At this, Petras, drenched in sweat, jumped up from his bed. The words that 2^99 (that's one half of 2^I00) had spoken meant only one thing: He was not fated to prove the Conjecture. Of course, he was not a superstitious old woman who would give undue credence to omens. Yet the profound exhaustion of many fruitless years had now begun to take its toll. His nerves were not as strong as they used to be and the dream upset him inordinately.
Unable to go back to sleep, he went out to walk in the dark, foggy streets, to try to shake off its dreary feeling.
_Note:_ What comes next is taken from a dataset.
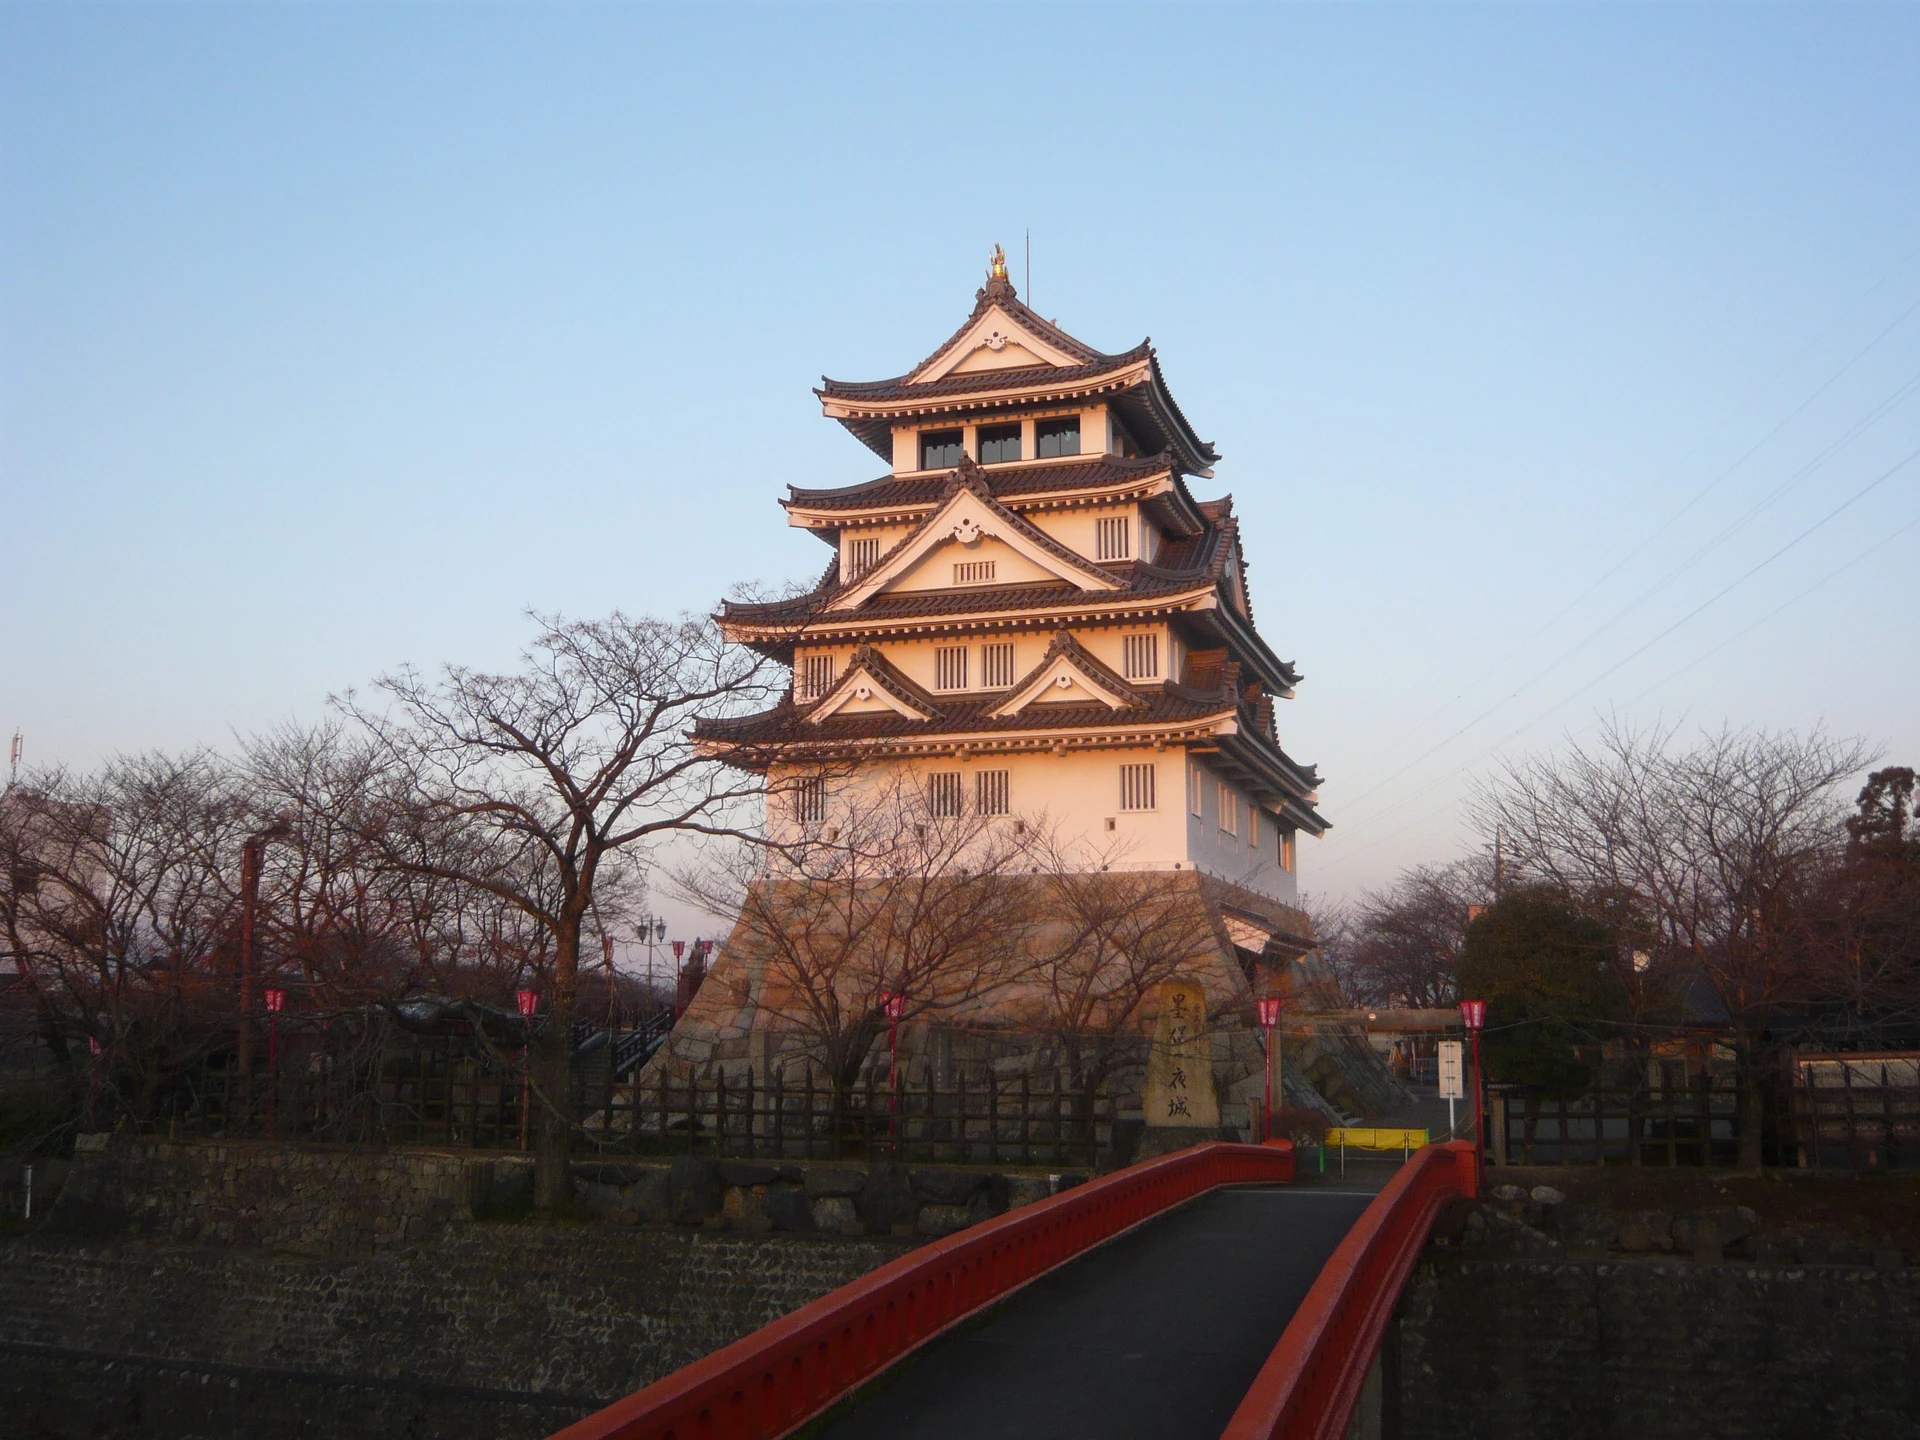 Lâu đài Sunomata (Gifu, Nhật Bản): Còn được biết đến với cái tên Ichiya, nghĩa là "lâu đài xây trong một đêm", Sunomata được xây dựng vào giữa thế kỷ 16 bởi tướng Toyotomi Hideyoshi tại thành phố Ogaki. Tương truyền, đây là một cứ điểm được âm thầm xây trong lòng đối thủ, bằng cách đẽo sẵn các cột và dựng sẵn vách, sau đó chuyển đến lắp ghép trong đêm. Lâu đài hiện tại được tái dựng năm 1991, theo hình mẫu của lâu đài Ogaki gần đó. Ảnh: Hide-sp.

As he walked in the first light among the ancient stone buildings, he suddenly heard fast foot-steps approaching behind him, and for a moment he was seized by panic and turned sharply round. A young man in athletic gear materialized out of the mist, running energetically, uttered a greeting and dis-appeared once again, his rhythmic breathing trailing off into complete silence.
Still upset by the nightmare, Petros wasn't sure whether this image had been real, or an overflow of his dream world. When, however, a few months later the very same young man came to his rooms at Trinity on a fateful mission, he instantly recognized him as the early-morning runner. After he was gone, he realized with hindsight that their first, dawn meeting had cryptically signalled the dark forewarning, coming as it did after the vision of 2^100, with its message of defeat.
The fatal meeting took place a few months after the first, early-morning encounter. In his diary Petros marks the exact date with a laconic comment – the first and last use of Christian reference I discovered in his diaries: '17 March 1933. Kurt Gödel's Theorem. May Mary, Mother of God, have mercy on me!'
It was late afternoon and he had been in his rooms all day, sitting forward in his armchair studying parallelograms of beans laid out on the floor before him, lost in thought, when there was a knock on the door.
'Professor Papachristos?'
A blond head appeared. Petros had a powerful visual memory and immediately recognized the young runner, who was full of excuses for disturbing him. 'Please forgive my barging in on you like this, Professor,’ he said, 'but I am desperate for your help.' Petros was quite surprised – he'd thought his presence at Cambridge had gone completely unremarked.
He wasn't famous, he wasn't even well known and, except at his almost nightly appearances at the university chess club, he hadn't exchanged two words with anyone other than Hardy and Littlewood during his stay.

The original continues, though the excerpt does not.